There's a bit of a brouhaha going on among the online Indiana Jones fan community at the moment.

In June, to celebrate the 40th anniversary of Raiders of the Lost Ark, Disney released a limited-edition licensed prop replica of the golden fertility idol seen near the beginning of the film. This is actually a bit of a big deal — unlike LucasFilm stablemate Star Wars, Indiana Jones has not spawned much official merchandise at all over the years, and fans who were jonesing (sorry) for replicas and the like have largely been left to create their own cottage industry. Hats, jackets, whips and idols have been sold through forums like therpf.com and Club Obi-Wan — a fan forum connected to IndyGear.com.

Predictably, the Disney idol sold out within minutes, and since then hundreds of them have been put up for sale on eBay and other sites. Many of the ads appear to be for fairly obvious knock-offs, which has sparked much discussion about how to spot an "authentic" Disney prop replica — as opposed to a replica of said replica.

As if that weren't silly enough, a number of old-school fans (from the pre-Disney days) have been going on about the olden times — when there was no such thing as a licensed replica, and you had to know how to spot a good replica among the many unlicensed variants around.

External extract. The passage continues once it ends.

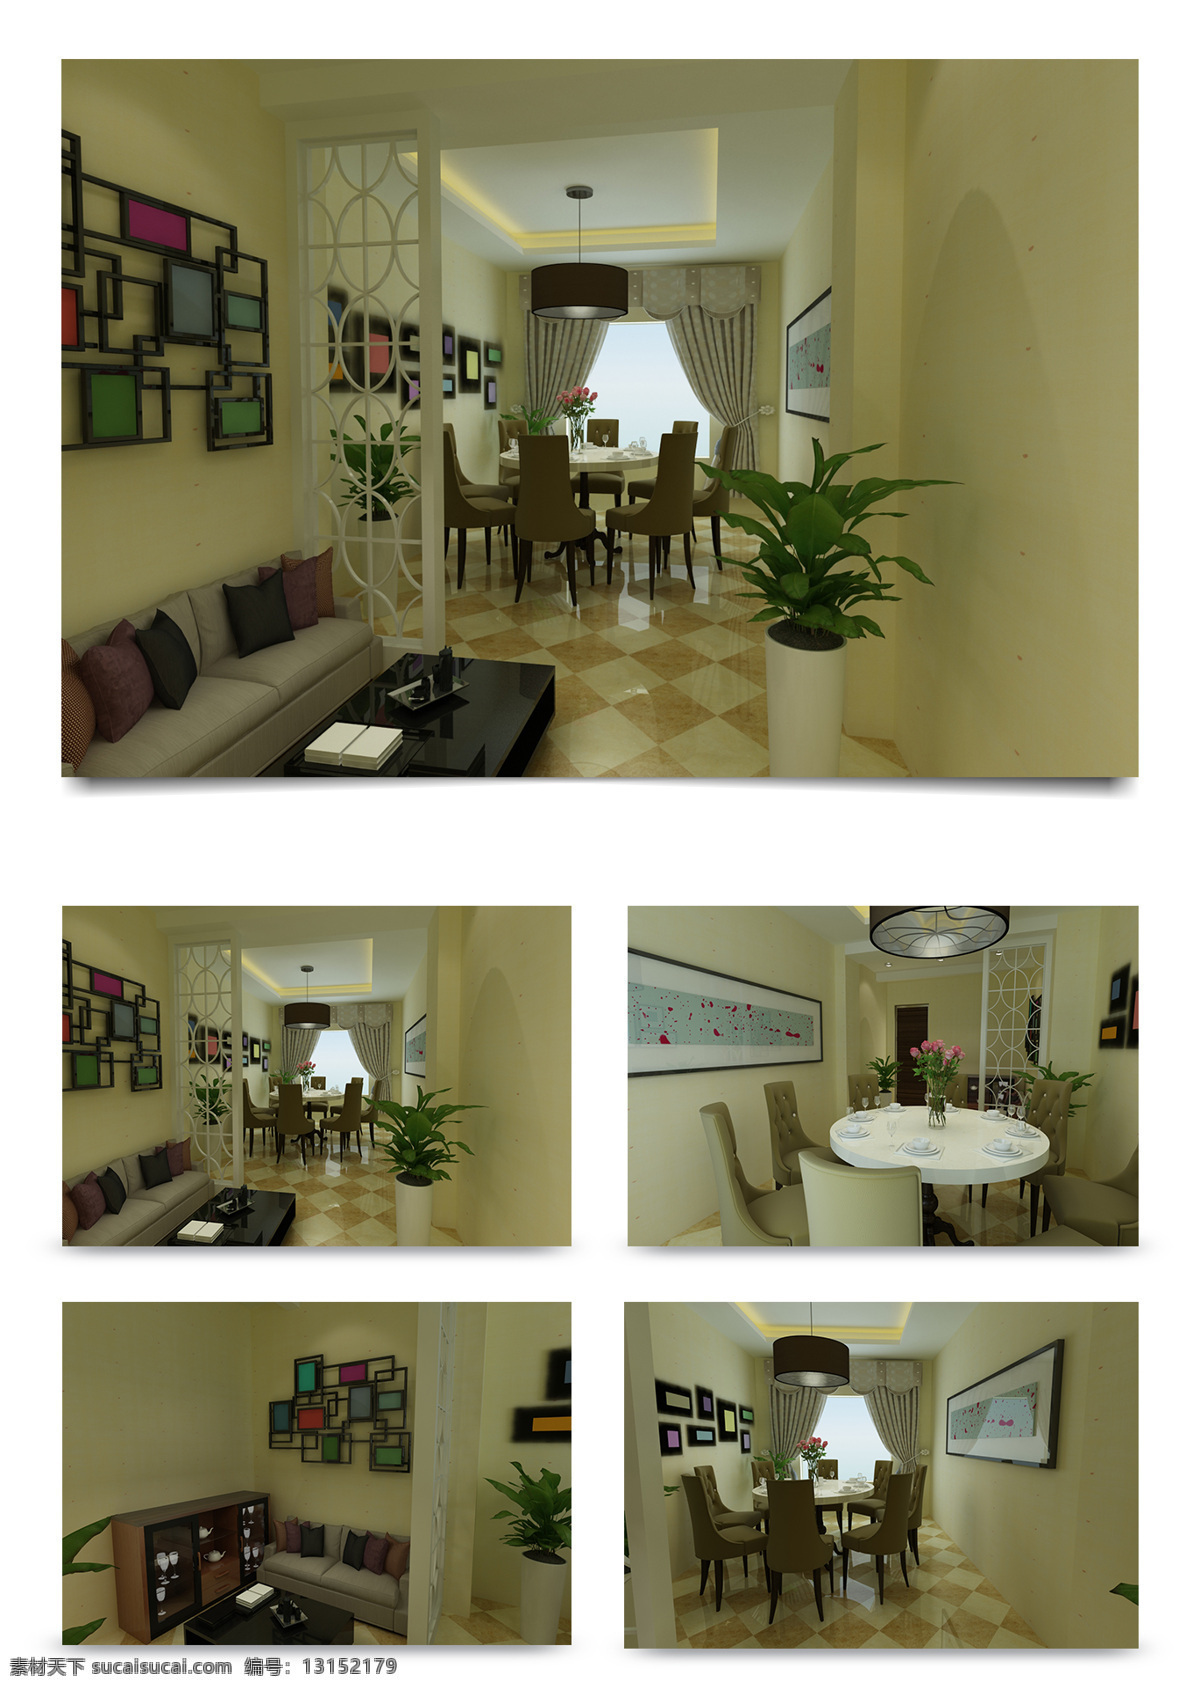 小 餐厅 室内 效果图 小餐厅 简约风格 室内效果图 3d室内设计 餐厅效果图

Some of those idols were modelled according to what could be gleaned from watching the movie frame by frame on VHS, and they looked it. Others were informed by information gleaned from careful study of the LucasFilm archives and tidbits that popped up in interviews.

Some of them were so good that their makers earned a reputation for quality. One such — a member of the RPF forum who went by the name of "Gobler" — claimed to have obtained a cast of the "Hero" idol seen in the movie, and struck a very few copies based on it. Gobler's idols are considered the holy grail (yeah, wrong movie, sorry) of idol replicas. Naturally, rip-offs have sprouted up trading on those makers' names — making it even more challenging to know if you're getting a genuine authentic replica or … not.

And of course, many critics of the Disney replica say that it's not actually as close to the prop seen in the movie as some of the unlicensed ones.

There is a great irony in all of this. There were in fact two props made for the movie. The "Hero" prop (seen in the temple) has brown glass eyes, while the "Stunt" prop (the one that gets thrown around and surrendered to Belloq) has gold-painted eyes.

Neither, it bears saying, is an actual Chachapoyan artefact.

Both were copied loosely from a purported pre-Columbian fertility idol representing the Aztec goddess Tlazolteotl, which is held in the Dumbarton Oaks Museum in Washington DC.

That original idol has itself been proven to be a fake — made some time in the 19th century.

It's almost as if Indiana Jones himself were fictional.